= Electronium =

Early electronic music synthesizer

The Electronium, created by Raymond Scott, is an early combined electronic synthesizer and algorithmic composition / generative music machine.

Its place in history is unusual, because while in intention it is analogous to the digital algorithmic composition systems that would follow it, it was implemented entirely as an analog electronic machine.

==History==
Development was begun in 1959, with a workable unit by 1969. Scott, however, never ceased to modify and further develop the device by the time of his death in 1994.

It was one of the very few electronic creations of Scott to be sold to a customer, as he was normally highly secretive about his devices. A single Electronium machine was sold to Motown Records, following a 1969 meeting between Scott and Motown's Berry Gordy. The initial contract required that Scott visited Motown for three months to teach staff how the machine is used. This culminated in the 1971 hiring of Scott to serve as director of Motown's electronic music and research department in Los Angeles, California, a position that Scott held until 1977. No Motown recordings using Scott's electronic inventions have yet been publicly identified.

Guy Costa, Head of Operations and Chief Engineer at Motown from 1969 to 1987, said about Scott's hiring:

He started originally working [on the Electronium] out of Berry's house. They set up a room over the garages, and he worked there putting stuff together so Berry could get involved and see the progress. At one point Scott worked out of a studio. The unit never really got finalized — Ray had a real problem letting go. It was always being developed. That was a problem for Berry. He wanted instant gratification. Eventually his interest started to wane after a period of probably two or three years. Finally Ray took the thing down to his house and kept working on it. Berry kind of lost interest. He was off doing Diana Ross movies.

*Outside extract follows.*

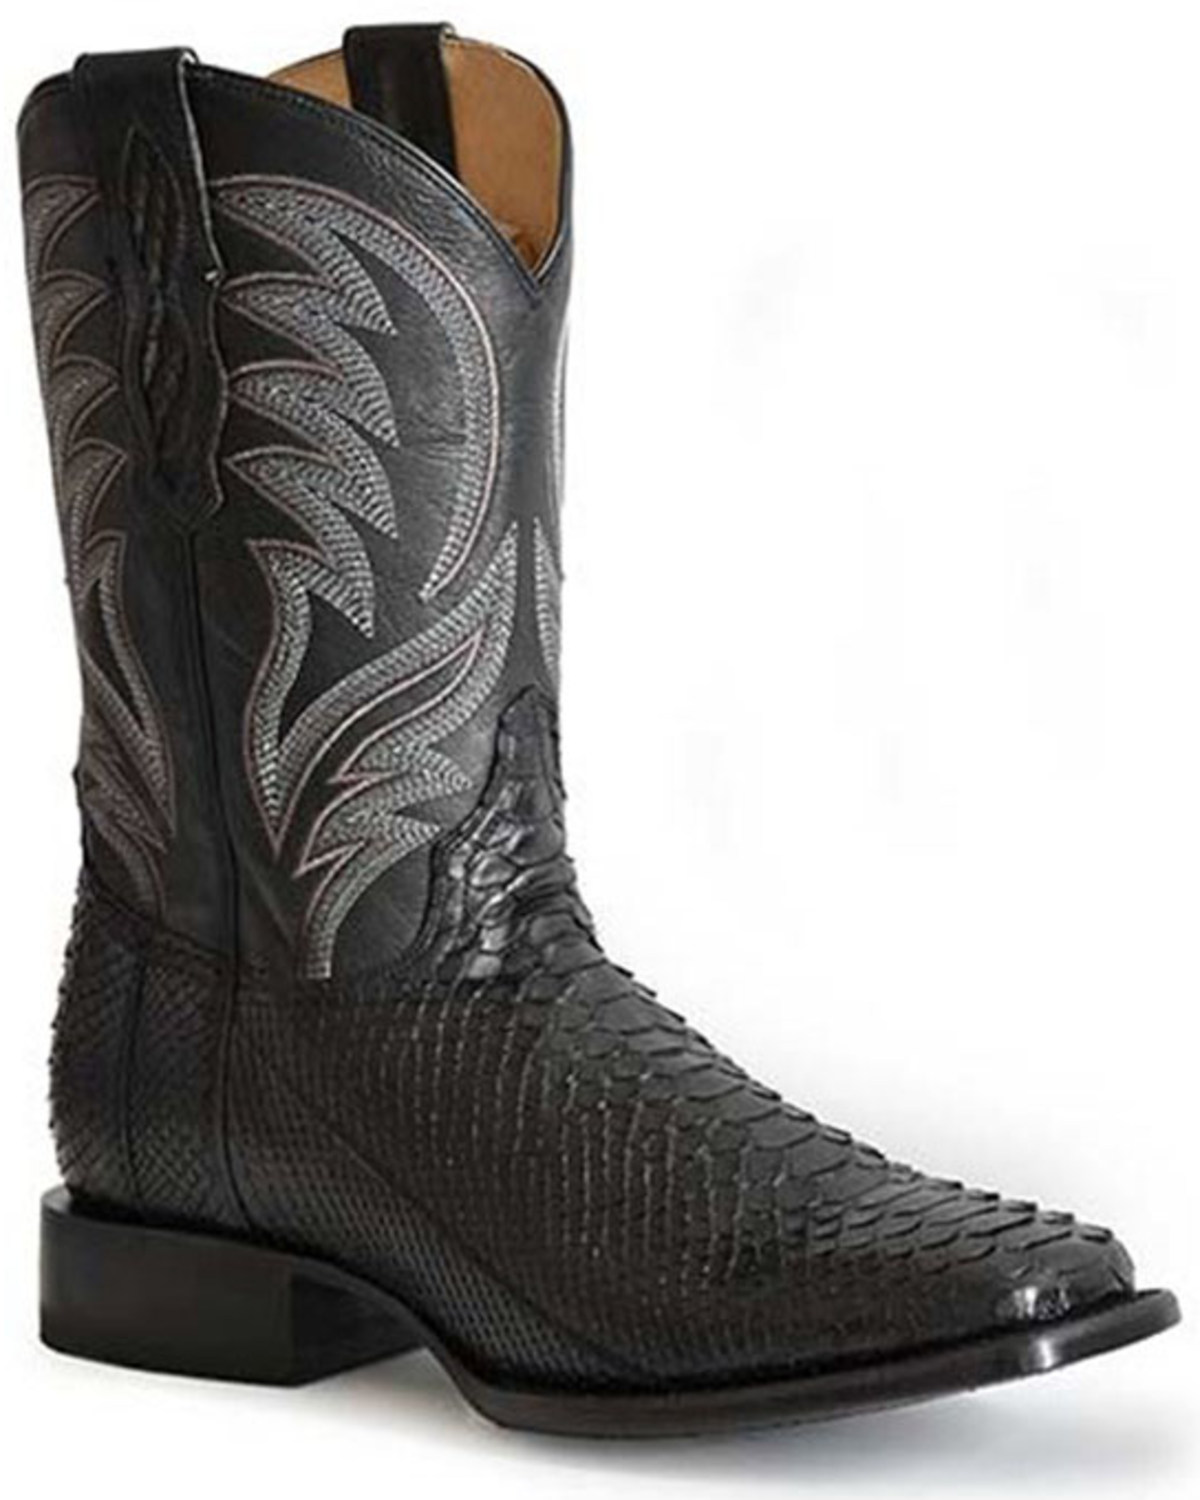 Roper Men's Peyton Exotic Python Skin Western Boots - Square Toe

Scott later said he "spent 11 years and close to a million dollars developing the Electronium."

Much remains to be discovered about the machine's functionality, since detailed documentation on its workings are not currently available, and the single remaining machine is not in working order.

In a patent application, Scott wrote that "The entire system is based on the concept of Artistic Collaboration Between Man and Machine, (…) The new structures being directed into the machine are unpredictable in their details, and hence the results are a kind of duet between the composer and the machine."

Adding to the difficulty of defining what the Electronium was and how it worked is the fact that it was never finished. Scott continued to develop it during his employment at Motown, and after his dismissal there he carried on working on the machine, stopping only when his deteriorating health abruptly halted him from carrying on, after his first of several strokes.

The Electronium is currently owned by Devo's co-founder and lead singer Mark Mothersbaugh, who has initiated efforts towards its restoration. In 2017, Brian Kehew began working on the restoration of the Electronium, in an effort partially financed by Gotye.